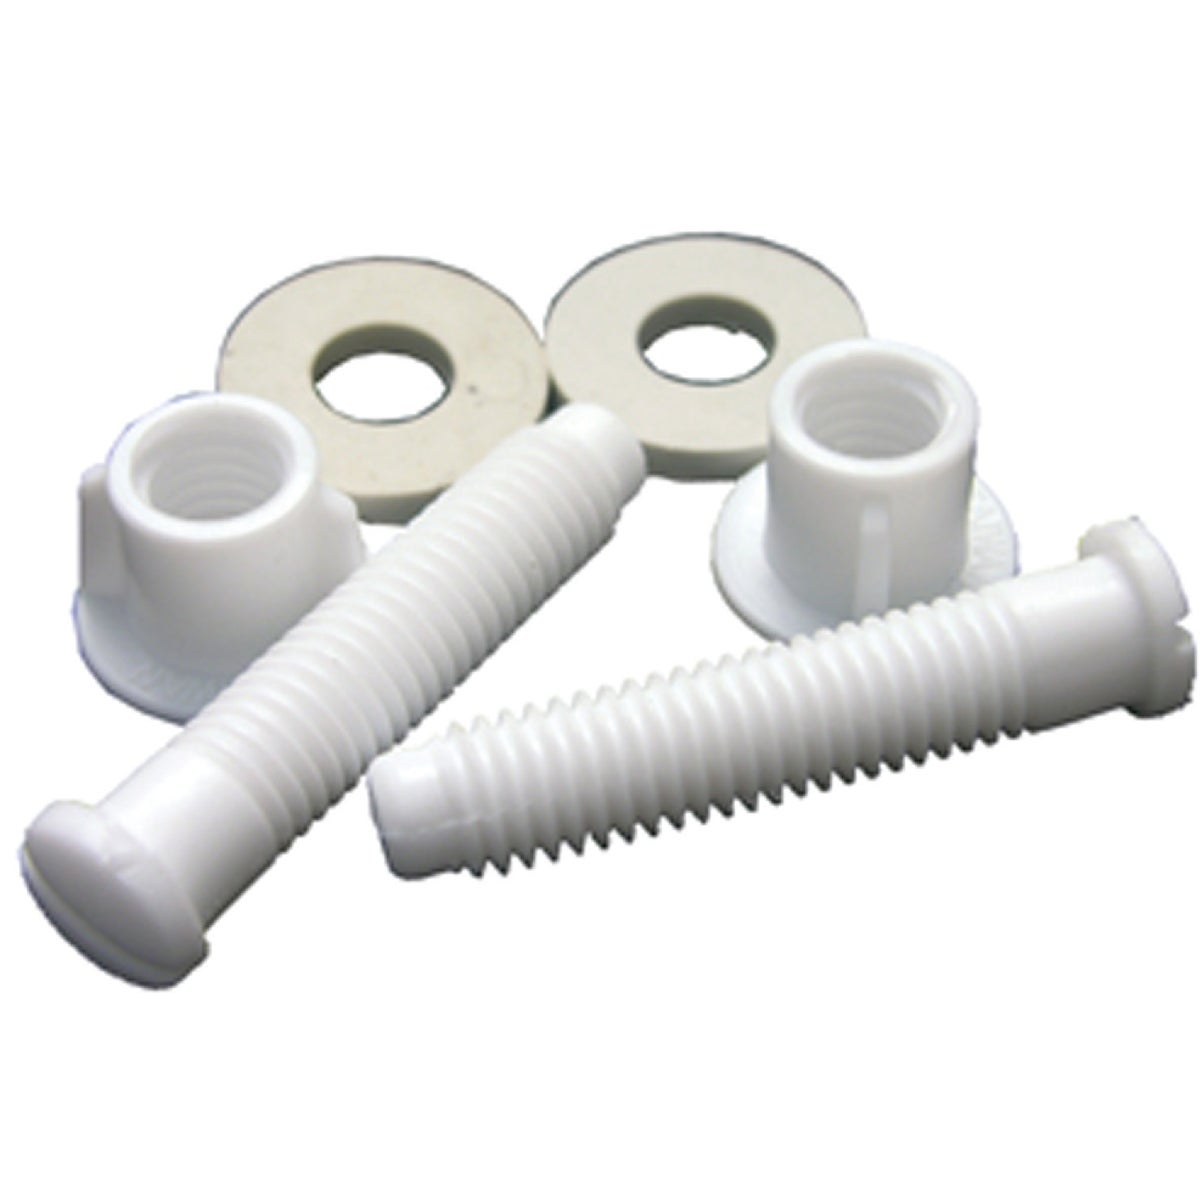 Lasco 7/17" x 2-1/8" White Plastic Toilet Seat Bolt, Includes Nuts and Washers
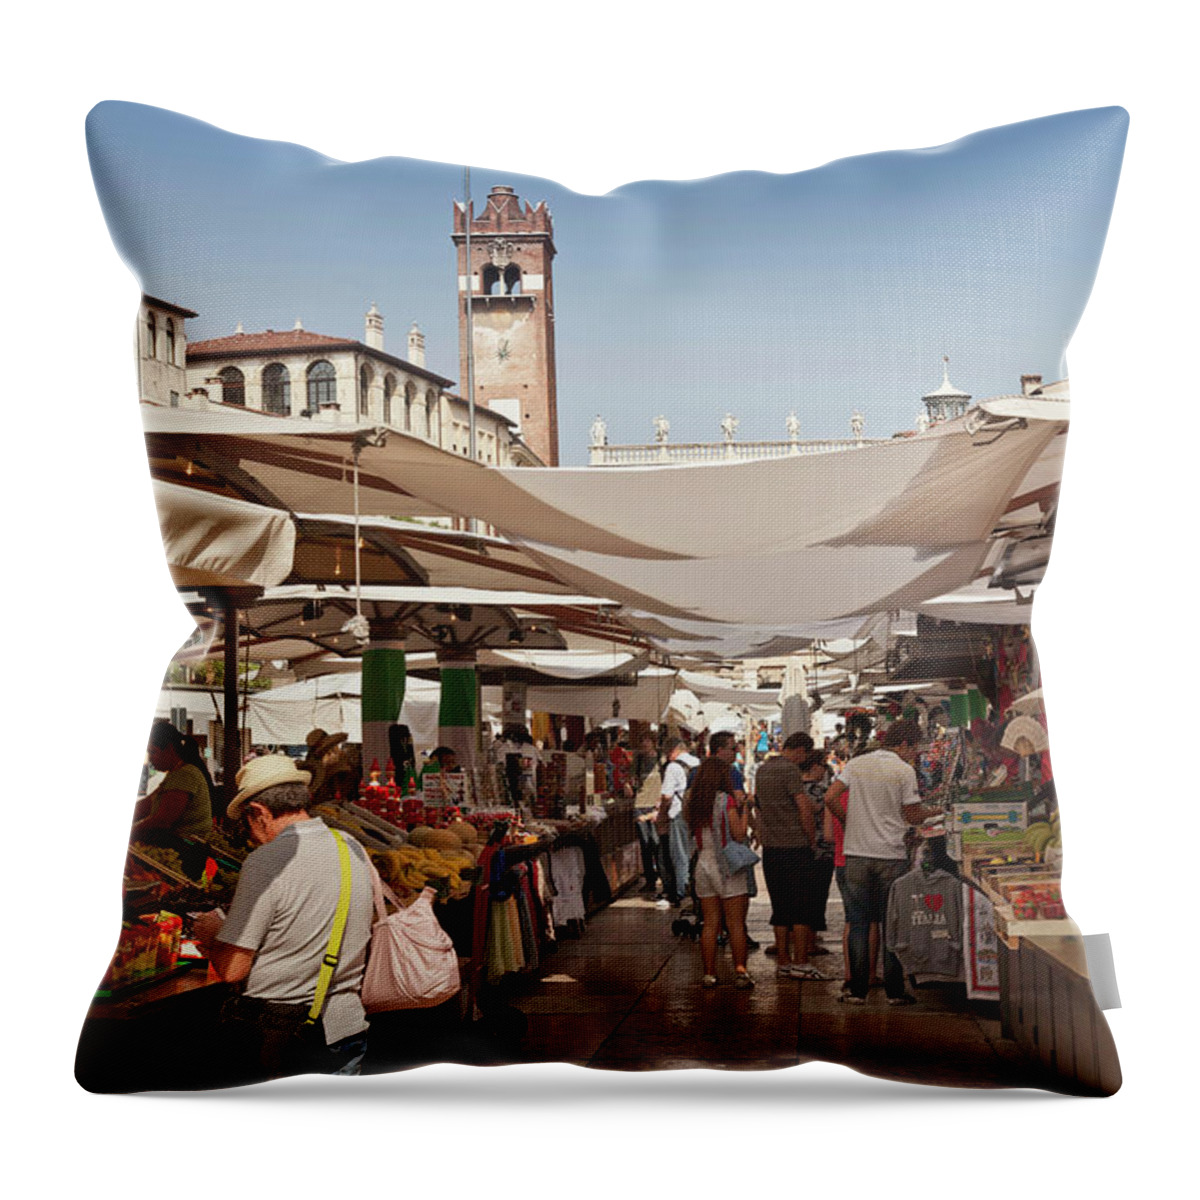 Tranquility Throw Pillow featuring the photograph Vendors At Market In Town Square #1 by Cultura Rm Exclusive/walter Zerla
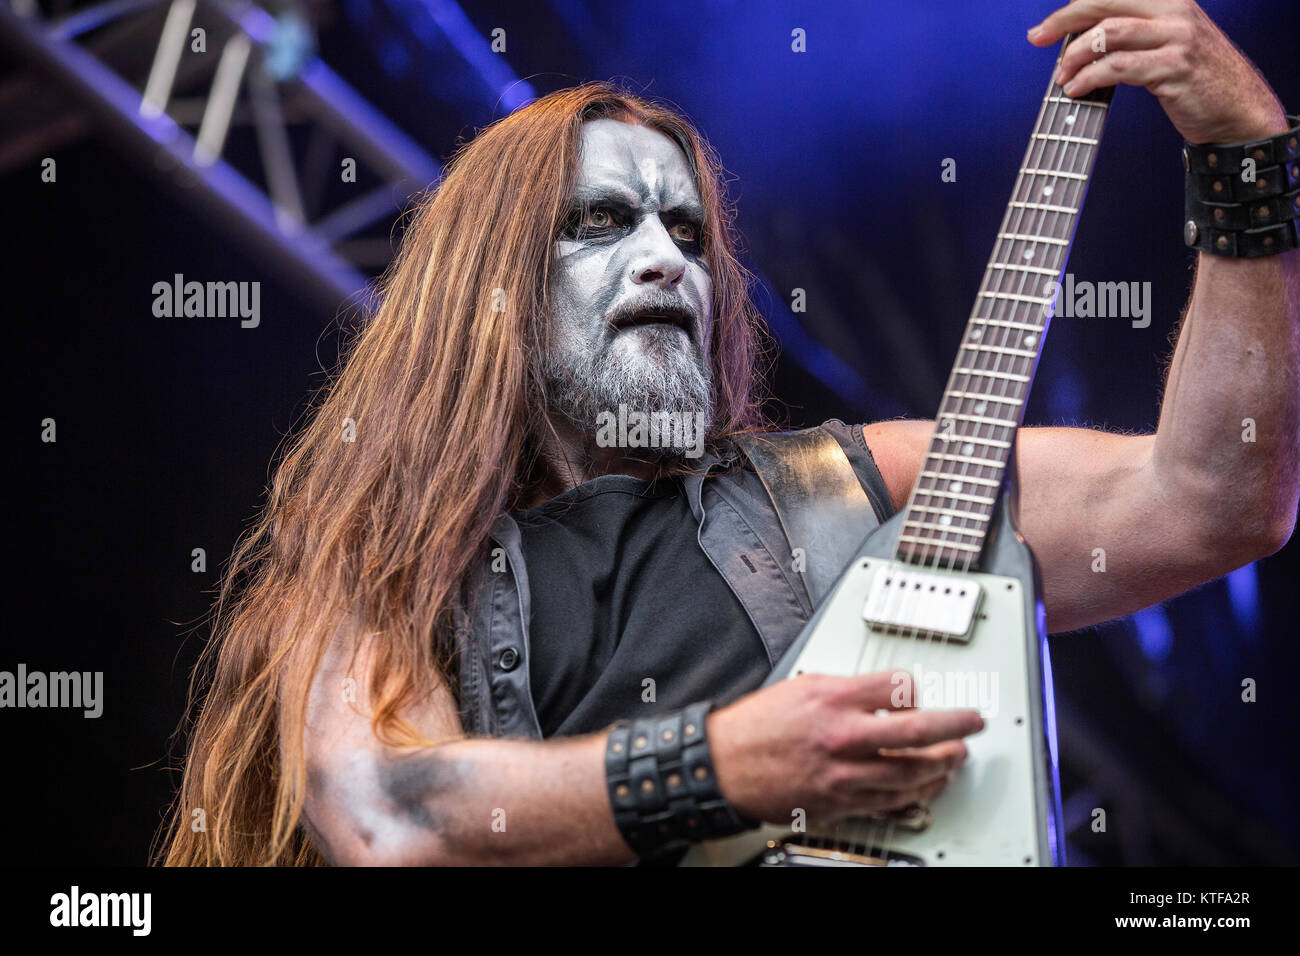 Norway, Borre – August 18, 2017. The Norwegian black metal band Gaahls Wyrd performs a live concert during the Norwegian metal festival Midgardsblot Festival 2017 in Borre.(Photocredit: Terje Dokken). Stock Photo
-- -- --
* **How to complete this task**:
Retype the data above in full, exactly as it stands, and skip any image.

* **Response to the task**:
 Lasco 7/17" x 2-1/8" White Plastic Toilet Seat Bolt, Includes Nuts and Washers
 Tranquility Throw Pillow featuring the photograph Vendors At Market In Town Square #1 by Cultura Rm Exclusive/walter Zerla
 Norway, Borre – August 18, 2017. The Norwegian black metal band Gaahls Wyrd performs a live concert during the Norwegian metal festival Midgardsblot Festival 2017 in Borre.(Photocredit: Terje Dokken). Stock Photo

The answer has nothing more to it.